David Boies, the attorney representing the shareholders, said those anomalies don’t undermine the general rule that securities prices incorporate public information reasonably promptly. He noted that the court heard arguments in Basic two weeks after the Black Monday crash.
“Irrespective of other forces that may move the markets at times, the court simply concluded that ‘most publicly available information is reflected in market price,’” Boies argued in court papers, quoting from the Basic ruling.
He said overruling Basic “would mean the demise of private securities actions and the deterrent and compensatory role they serve.”
The shareholders, led by the Erica P. John Fund, contend that from 1999 to 2001 Houston-based Halliburton falsified earnings reports, played down estimated asbestos liability and overstated the benefits of a merger.
Dick Cheney, later the U.S. vice president, served as chairman and chief executive officer of the oilfield-services provider during part of the disputed period.
Joseph Grundfest, a former Securities and Exchange Commission member who now teaches at Stanford University’s law school, said investors would retain protections without the Basic precedent. The SEC and Justice Department would keep their authority, and investors could still sue over misleading registration statements under a different provision in the securities laws, he said.
In addition, institutional investors would be able to press fraud suits outside the class action context if they could show they relied on a misstatement.
“If you have frauds that are sufficiently large and you have investors that have sufficiently large positions in those companies, it will make sense for those investors to bring individual actions,” Grundfest said.
Doing so would require many institutional investors to change the way they operate, Mahoney said.
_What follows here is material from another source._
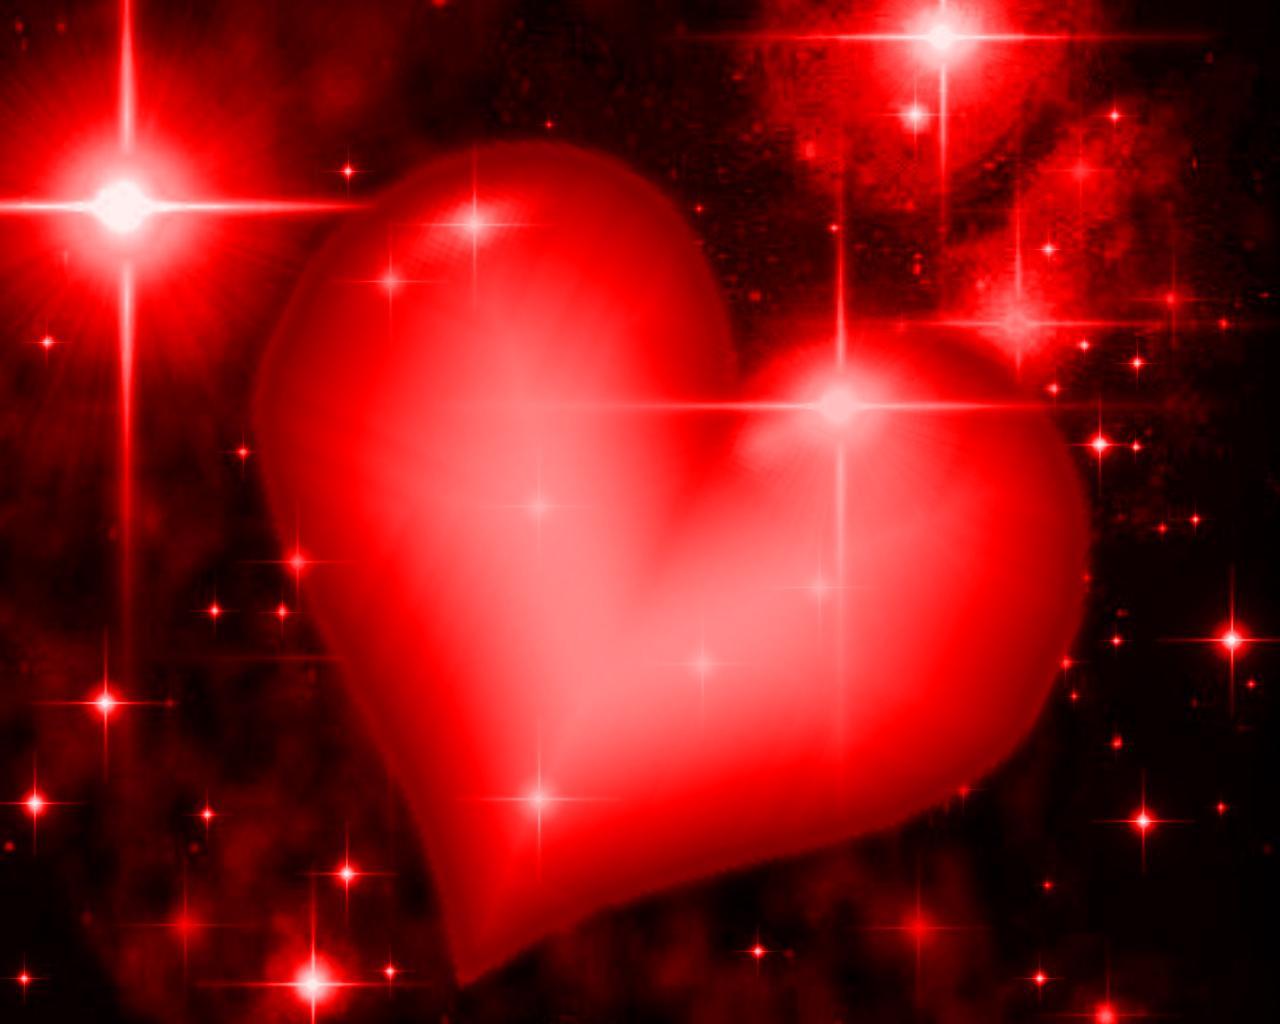 Love Blood Heart Wallpaper : Wallpaper Hearts Love - WallpaperSafari
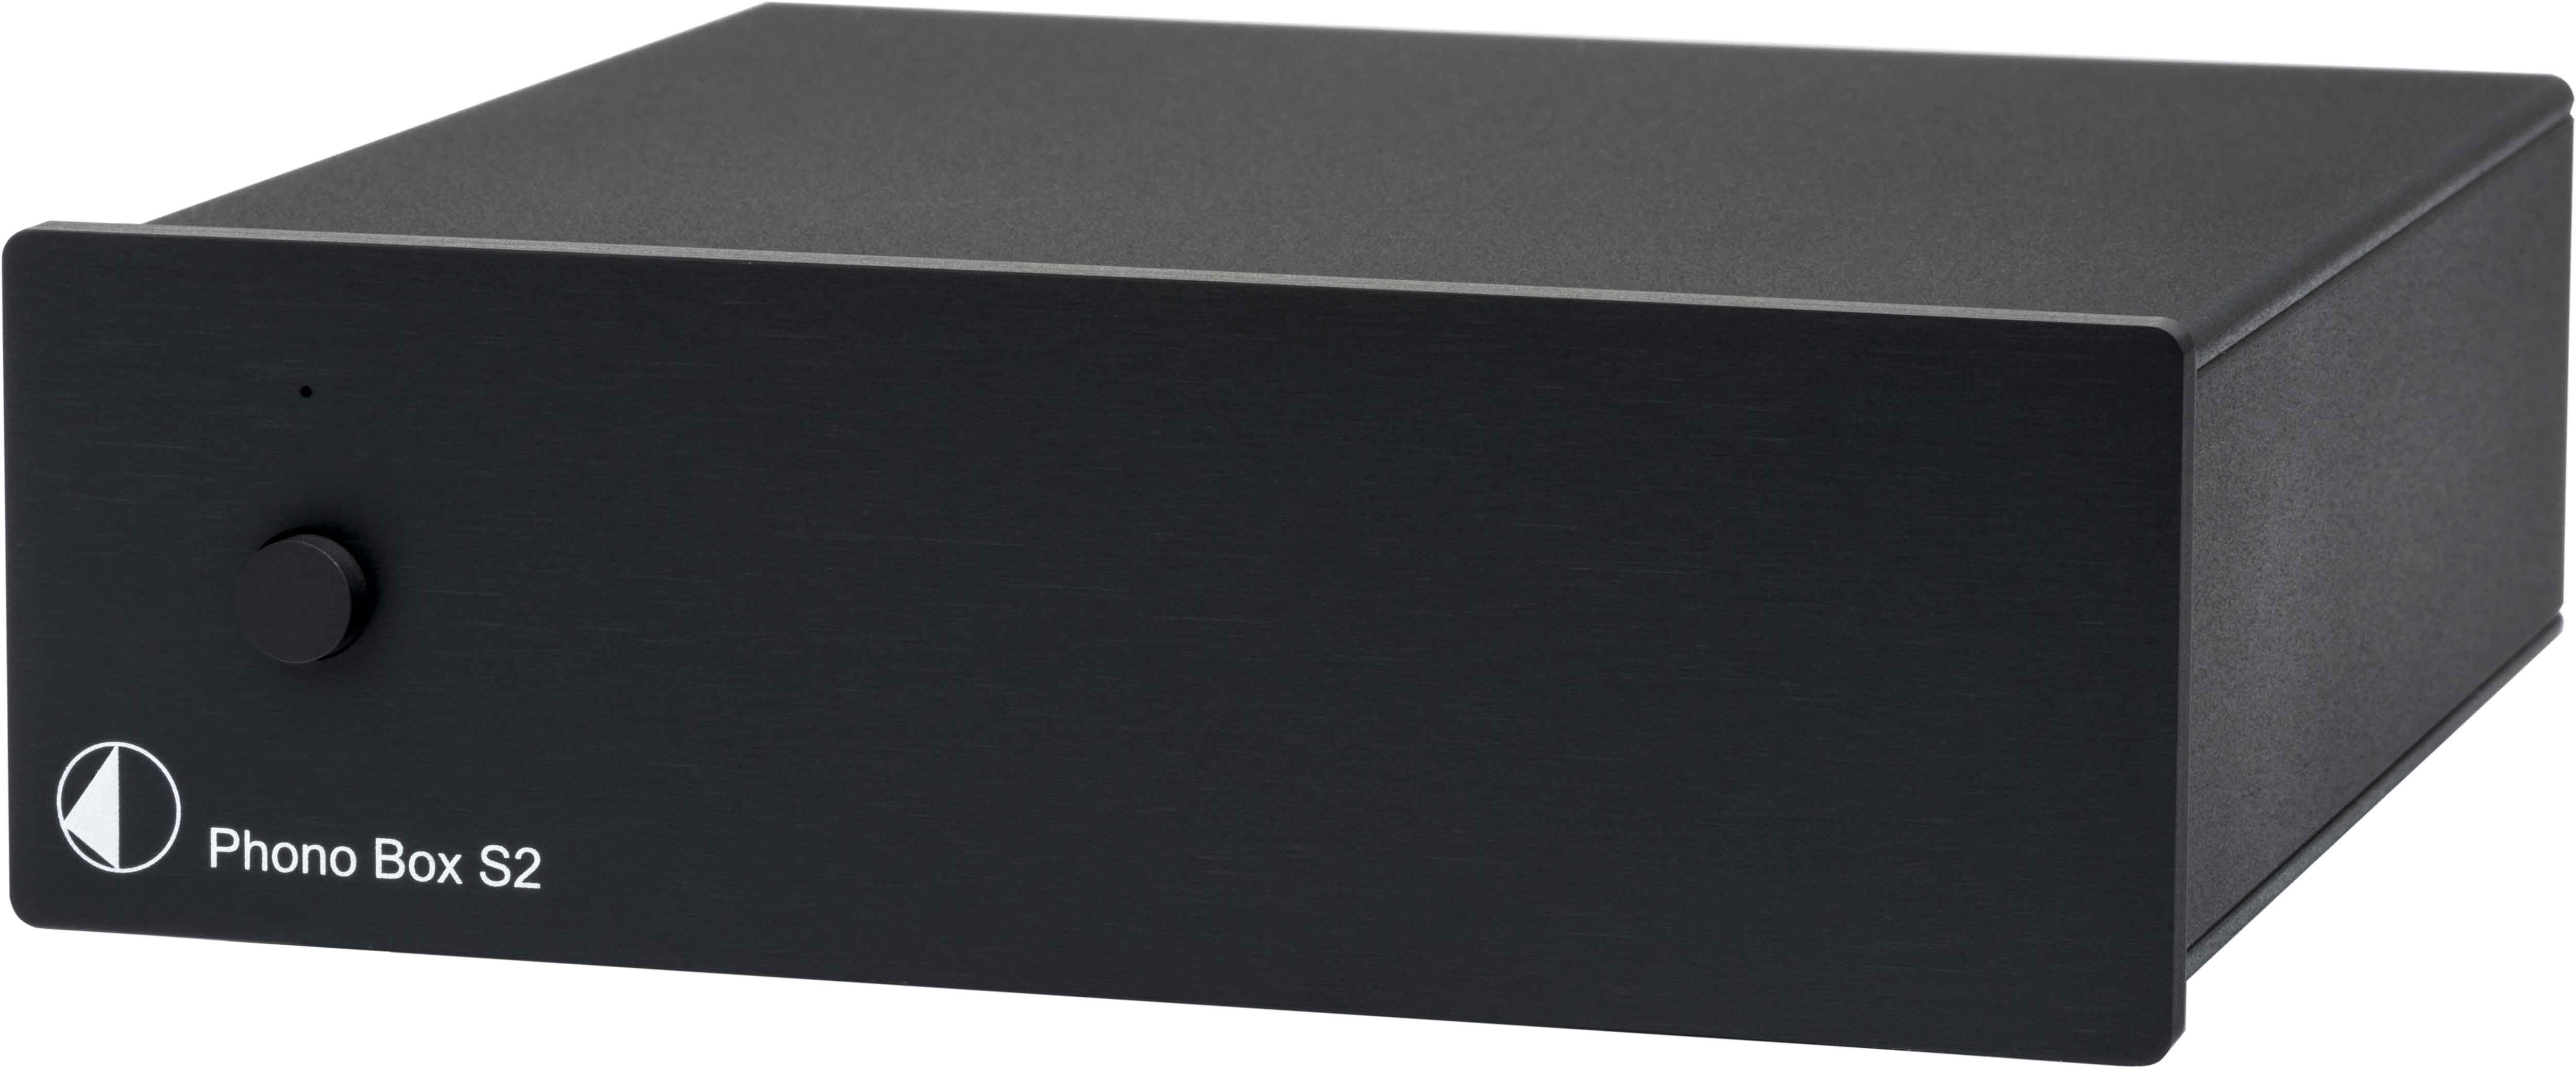 Pro-Ject Phono Box S2 RIAA-esivahvistin levysoittimelle

Many of his group’s members -- pension funds, endowments and foundations, collectively with more than $3 trillion in assets -- rely on passive strategies like indexing, so they don’t spend time and money analyzing company statements.
“That will make it difficult for them to be able to demonstrate reliance because they didn’t actually dig through all the information from the company,” Mahoney said. “Instead, they just invest in an index.”
The Basic decision produced a highly usual vote -- 4-2, with three of the nine justices recusing themselves.
Four current justices -- Antonin Scalia, Clarence Thomas, Anthony Kennedy and Samuel Alito -- suggested in a ruling last year that they might overrule Basic. The outcome may be in the hands of Chief Justice John Roberts, who usually joins that group in ideologically divisive cases.
“He’s kind of the decider,” said Tom Goldstein, a Washington lawyer who represents plaintiffs in securities suits. He said Roberts takes an “institutional long view” of the law that might make him reluctant to discard the Basic precedent.
Investor advocates and the Obama administration say the Basic presumption helps protect shareholders from company fraud.
Class actions “are an essential supplement to criminal prosecutions and civil enforcement actions” by the government, U.S. Solicitor General Donald Verrilli told the justices in court papers.
Some securities experts say the cost isn’t worth it. Pritchard says that about 40 percent of the money that changes hands in securities cases ends up with the lawyers.
“In its current state, we’re spending too much to get the deterrent benefits that we receive,” he said.
The court will rule by July in the case, Halliburton v. Erica P. John Fund, 13-317.